The present invention belongs to electricity, particularly to basic electric elements, namely to electric switches and details of protective switches, which are actuated by means of a combination of an electro-thermal and magnetic mechanism and controlled by means of appropriate lever. On the other hand, such invention can also belong to physics, namely to measuring of electric variables.

The purpose of the invention is to create a device for protecting electric circuits against electric overloading, which would be able to indicate each reason for interruption, so that it should be visible from outside, if each interruption of the electric circuit was initiated by overloading of the electric circuit, in particular excessive current.

A device for protection of an electric circuit against electric overloading as such is disclosed in an earlier application EP 2 545 576 Bl of the same applicant, to which the applicant refers by reference. Before that, a bipolar electric switch has been disclosed in EP 1 488 438 Al, which comprises a fixed contact member as well as a further pivotally movable contact member, which is biased by means of a spring and such maintained in its connected position, as well as an actuating unit, which via an actuating lever affects said movable contact member, and moreover a corresponding trigger with a needle, which in the case of irregularities affects said actuating lever by releasing an engaging clasp, by which then each electric circuit with integrated switch is interrupted.

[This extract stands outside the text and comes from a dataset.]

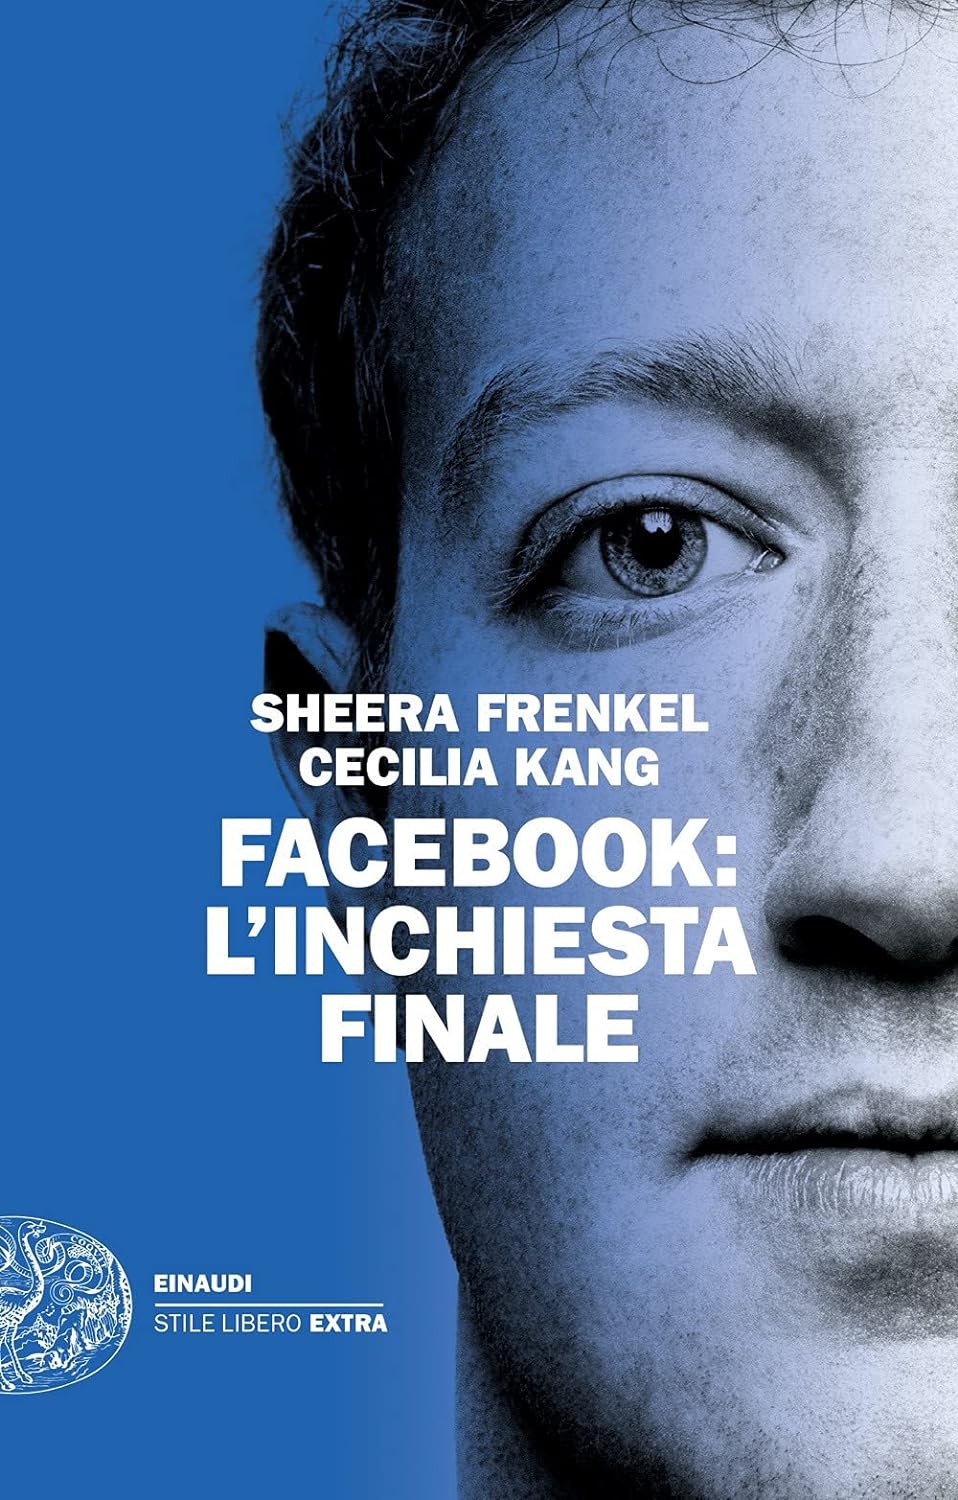 Cecilia Kang, Sheera Frenkel: Facebook: l'inchiesta finale (Italiano language, Einaudi)

The present invention refers to a device for protecting electric circuits against electric overloading, said device comprising

- an actuating unit, which consists of an electric insulating material and is within a casing, which also consists of an electric insulating material, pivotally embedded in a pivot point and comprises an actuating handle, which protrudes outside from said casing;

- an engaging clasp, which is pivotally attached to said actuating unit, and is adapted for supporting said actuating unit and resting on a disconnecting lever;

- a disconnecting lever, which is within said casing pivotally embedded in a pivot point and supported by a spring, which is adapted for pressing said disconnecting lever towards the actuating unit, wherein said disconnecting lever is on the one hand furnished with an arm, which is adapted for resting on a movable contact member, and is on the other hand pivotally connected with an actuating lever in a pivot joint;

- a movable contact member, which is embedded within said casing in a pivot point and supported with a spring, which is adapted for pressing the movable the last in a direction apart from the fixed contact member and opposite to the force of said spring, and wherein said movable contact member and said fixed contact member each per se consist of electric conducting material and are each per se via corresponding connectors on the casing connectable into each electric circuit, which is established, when said contact members are in contact with each other, and interrupted when they are spaced apart from each other;

- a trigger, which includes a needle, a bimetallic washer connected thereto, as well as a coil, which is similarly like the previously mentioned contact members connectable into each electric circuit and adapted to cooperate with a magnet, which is also connected with said needle; and

- an actuating lever, which comprises an arm, which is located in front of said needle of the trigger, wherein the opposite arm of the actuating lever is adapted to cooperate with the engaging clasp, and wherein between said first arm and the actuating unit a tension spring is tensioned.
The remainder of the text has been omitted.